Amy Casey, treedhouse, 2019, Acrylic on Paper, 10″ X 14″
Lily
The umbilical noose couldn’t stop you (as I’m sure
it choked so many new-blossomed dreams
across the fields) and in clouded visions
of the world that (slouching and fluttering) comes
after me, you are unendingly there
in all possible what-must-be variations.
You have the beautiful, semi-inflated face
of all breathing infants—and a fisted grasp
of eat-poop-sleep, from what your mother says.

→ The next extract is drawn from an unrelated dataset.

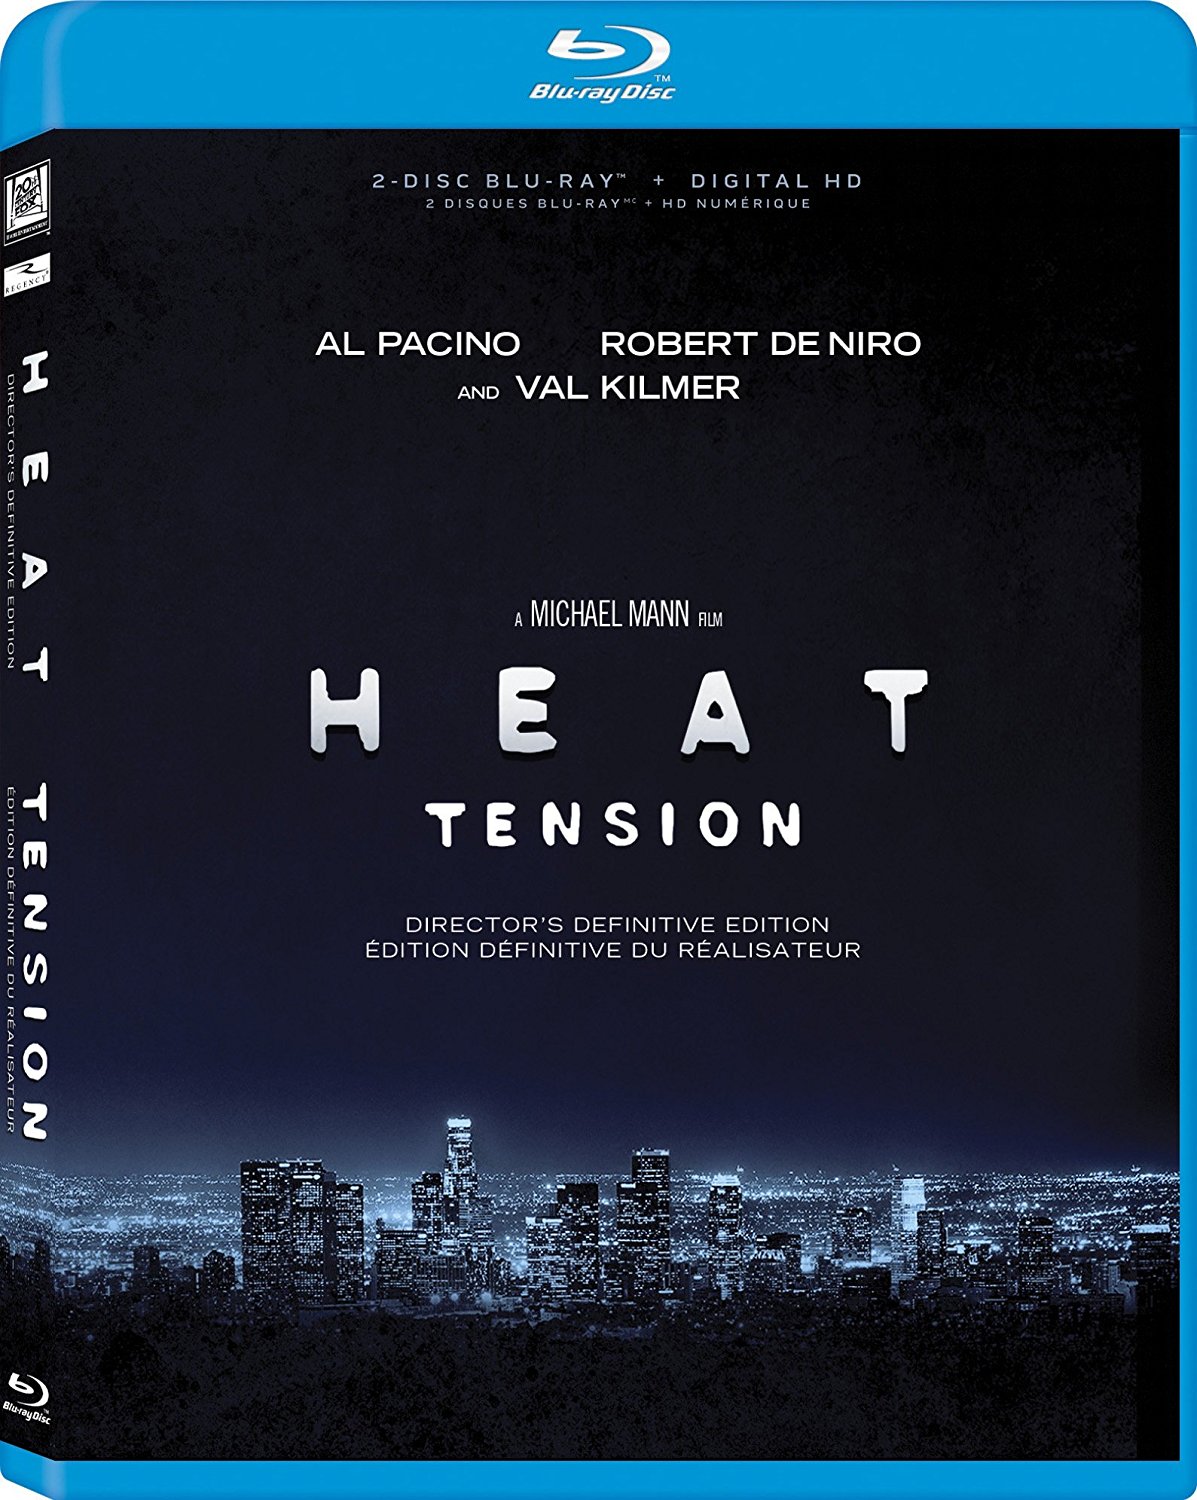 Michael Mann’s ‘Heat’ Gets Remastered in 4k for Director’s Definitive Cut ...
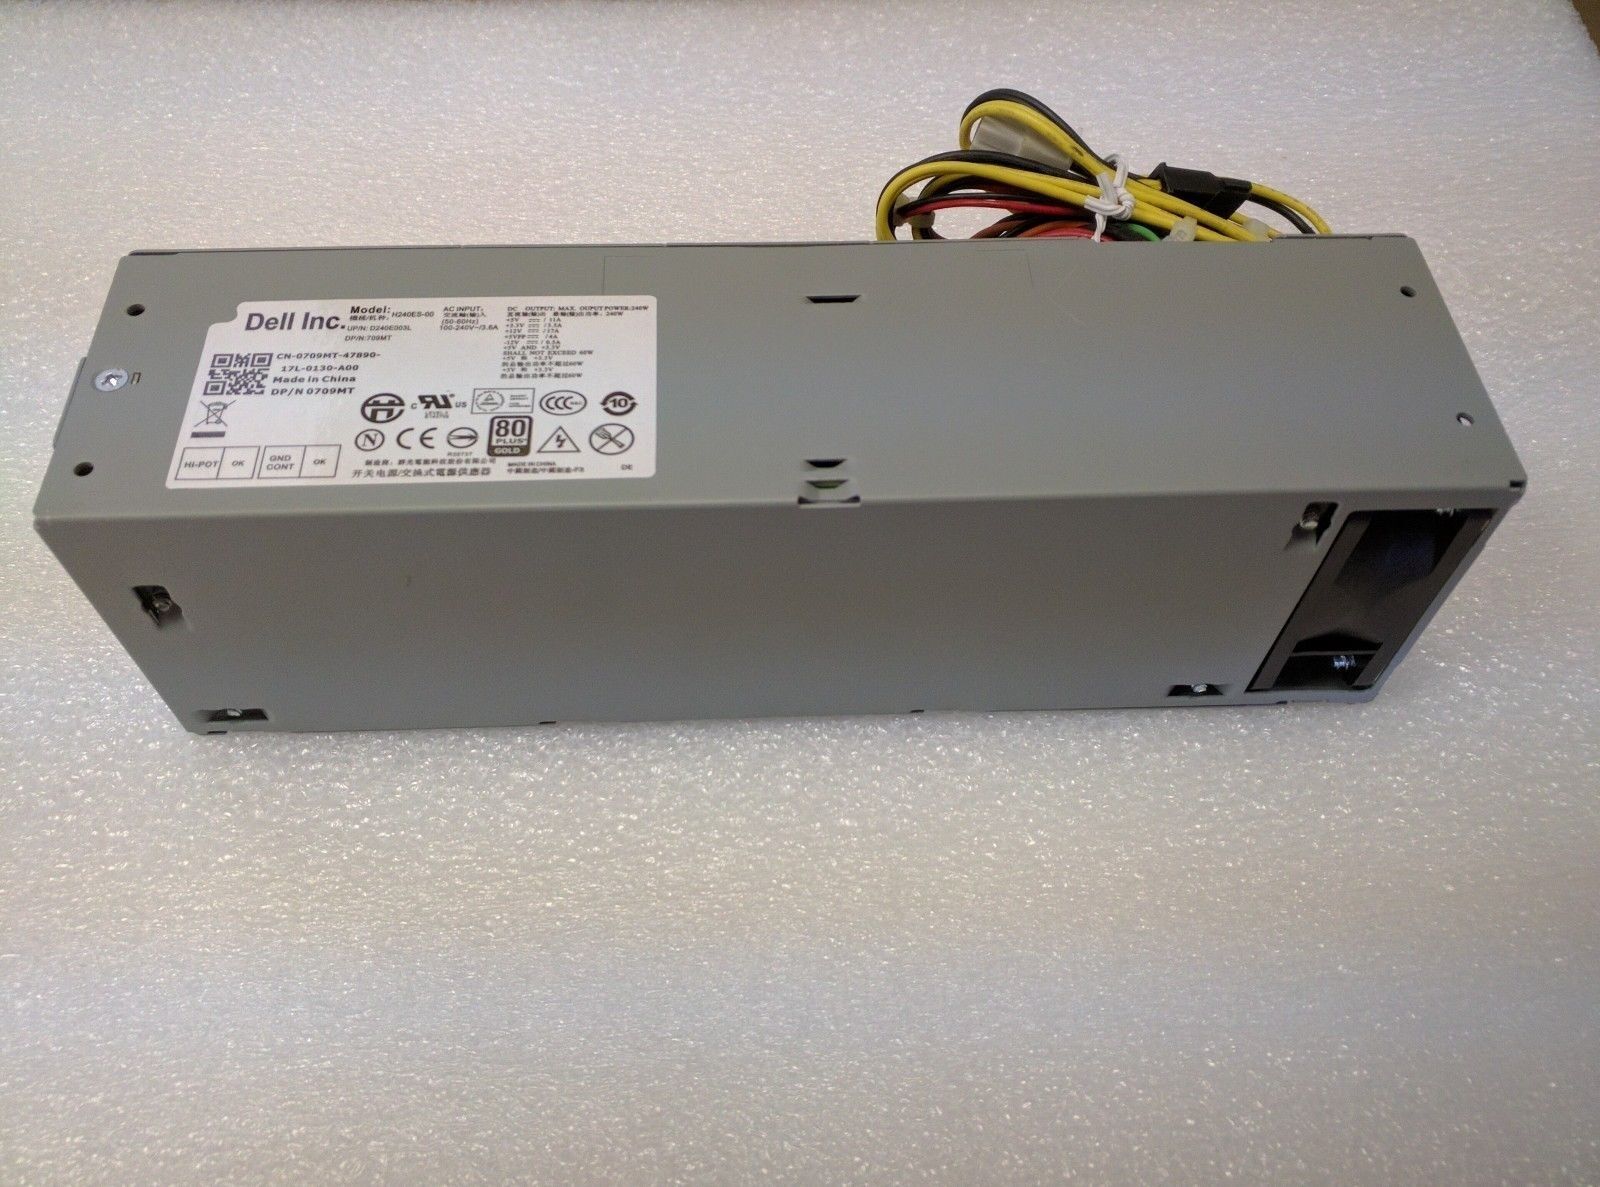 240w Dell D240AS-00 DPS-240AB-5 A SFF Power Supply DL240.09

Your sigh, your smile, your grunt of pain or gasp
of delight, are in some undiscovered place
and time when I will only be what was.
But seeds of hope shake off from me and drift
toward your future, where they’ll float aloft,
a dead man’s wishes: warm and futile gift.
_________________________
JB Mulligan
Review by David Memmott
The subject of Lily coming through a difficult birth, I think, is further strengthened by the form: an irregular sonnet with an irregular iambic pentameter and a rhyme scheme of ABCBAC/DEFEDF/GGG. It begins choked and inspires. Strong images of baby doing baby things, i.e. breathing, grasping, sigh and grunt, “in some undiscovered place and time” once the poet is gone. But I am lifted at the end, drifting toward the future, “a dead man’s wishes.” The form tightens at the end in both meter and rhyme. The poem feels like a womb that holds all kinds of potential, so much newness can happen within its constraints.